::: RECORDED DATA

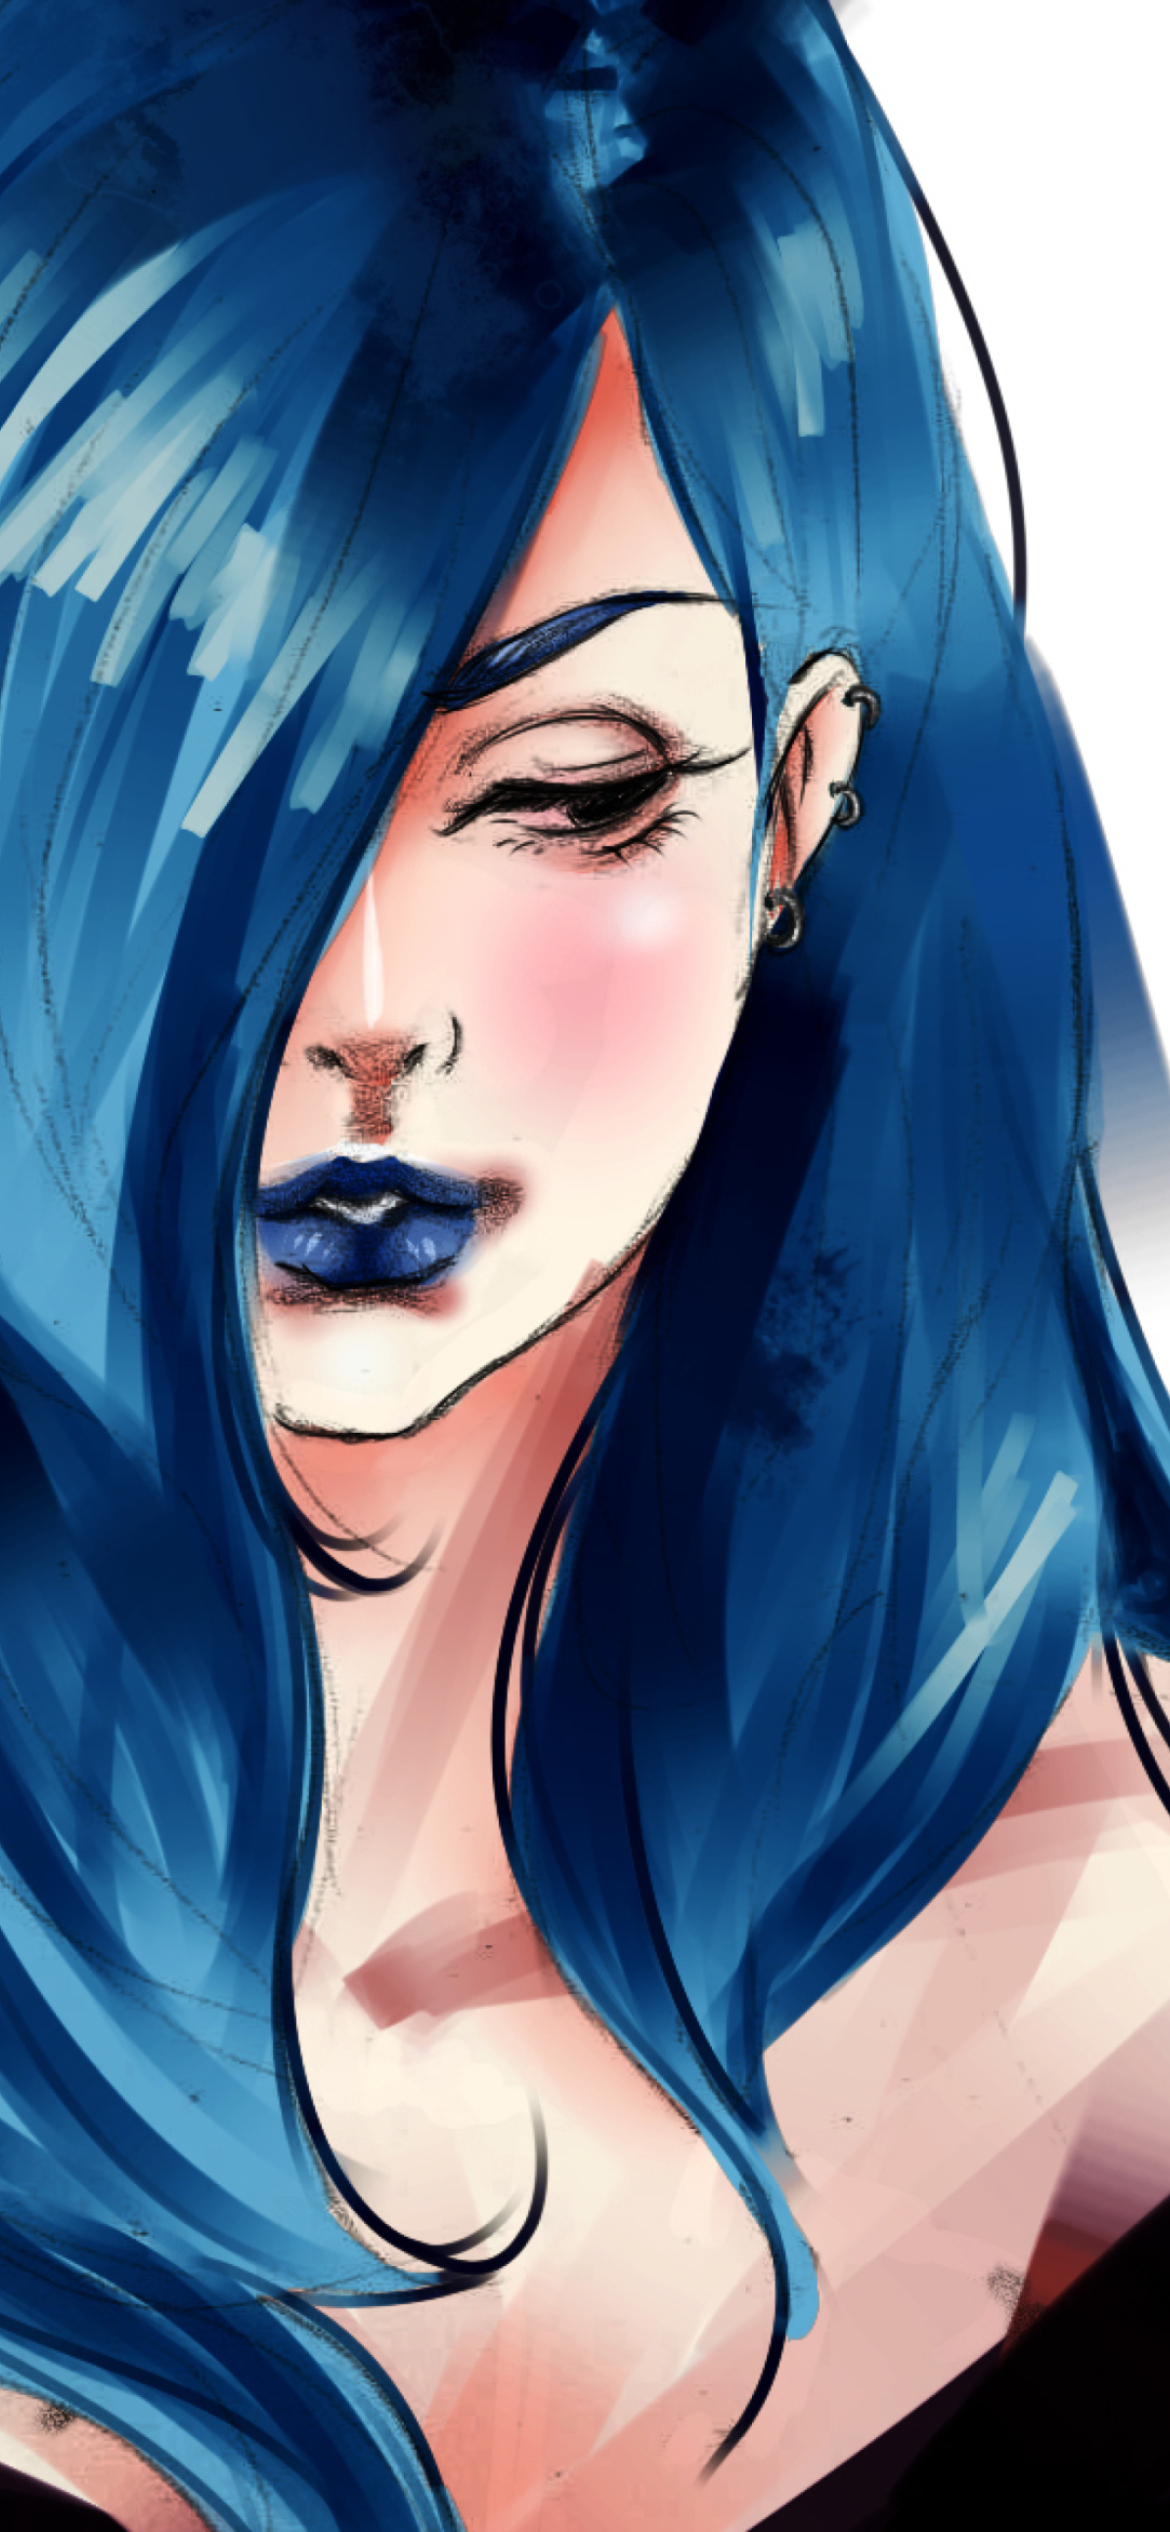 Обои Girl With Blue Hair Painting 1170x2532
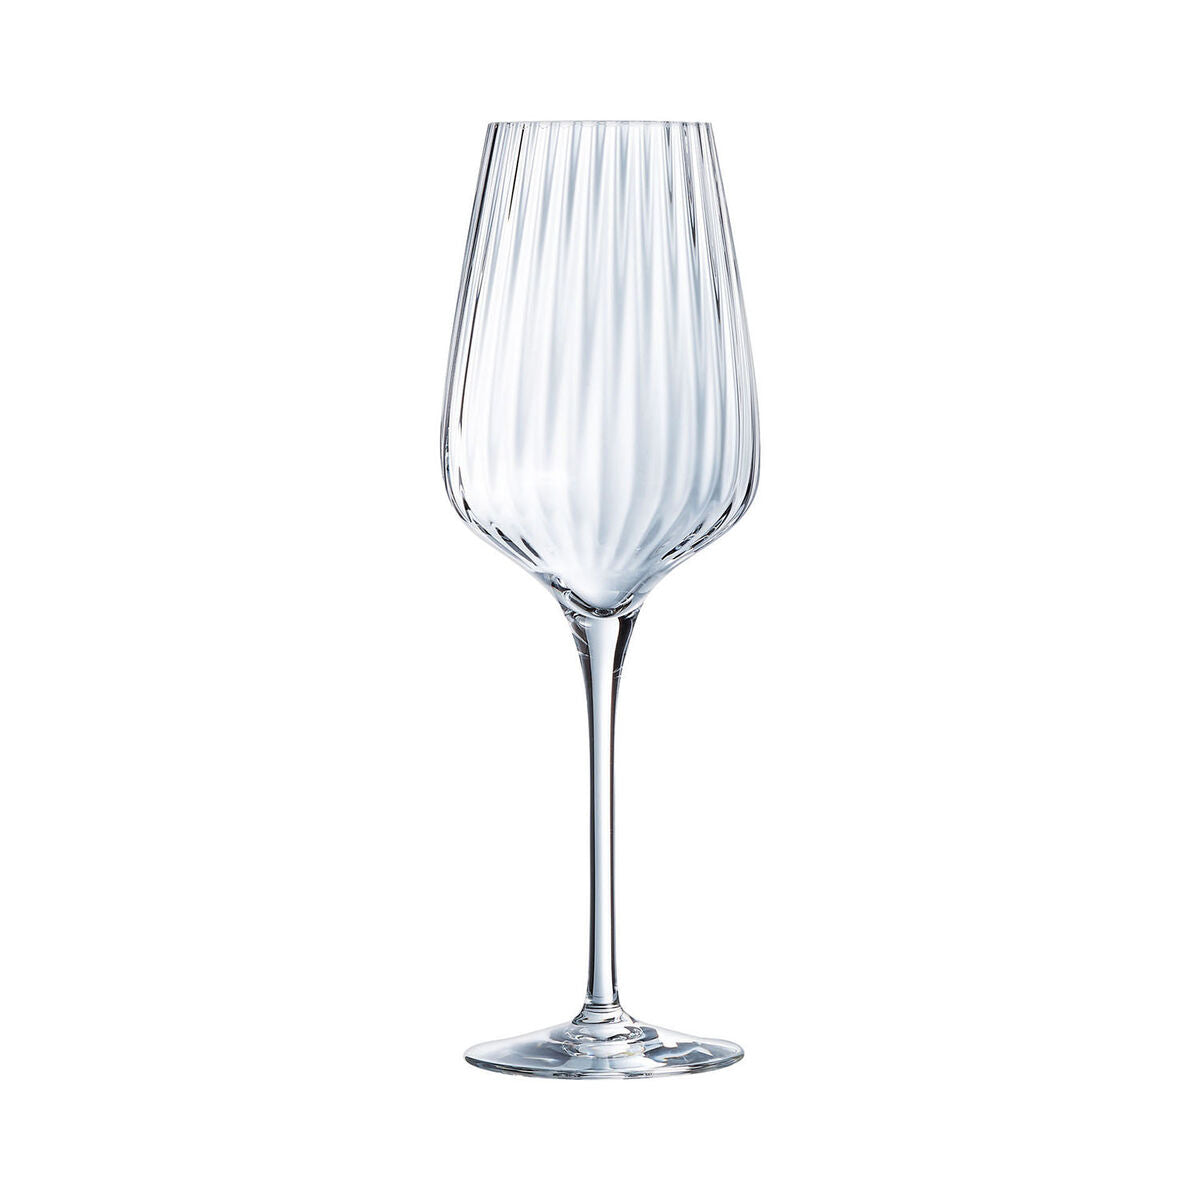 Gläsersatz Chef&Sommelier Symetrie Wein Durchsichtig Glas 550 ml (6 Stück)
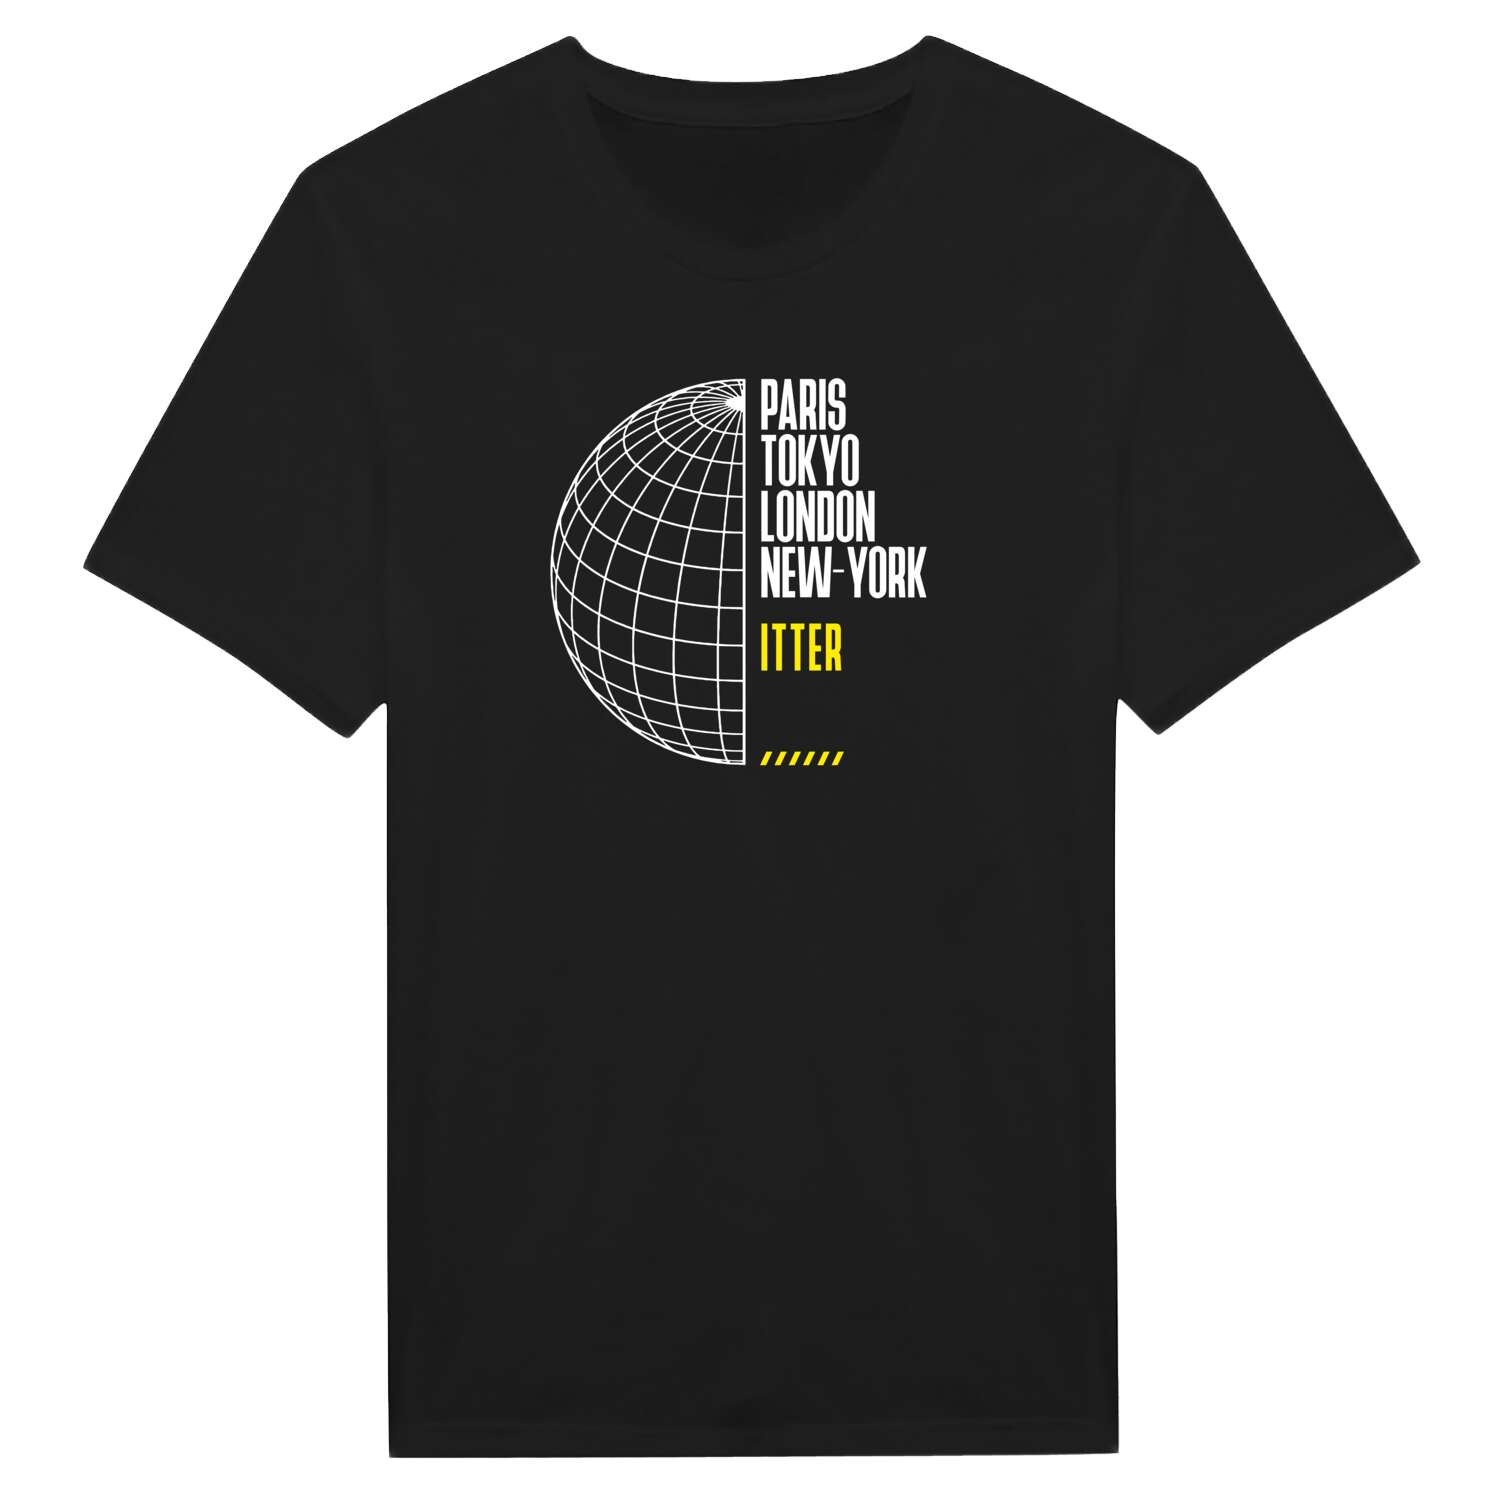 Itter T-Shirt »Paris Tokyo London«

::::::

PROBLEM REQUIREMENTS:
Write the data above out exactly. Leave out any pictures.

YOUR SOLUTION:
 Обои Girl With Blue Hair Painting 1170x2532
 Gläsersatz Chef&Sommelier Symetrie Wein Durchsichtig Glas 550 ml (6 Stück)
 Itter T-Shirt »Paris Tokyo London«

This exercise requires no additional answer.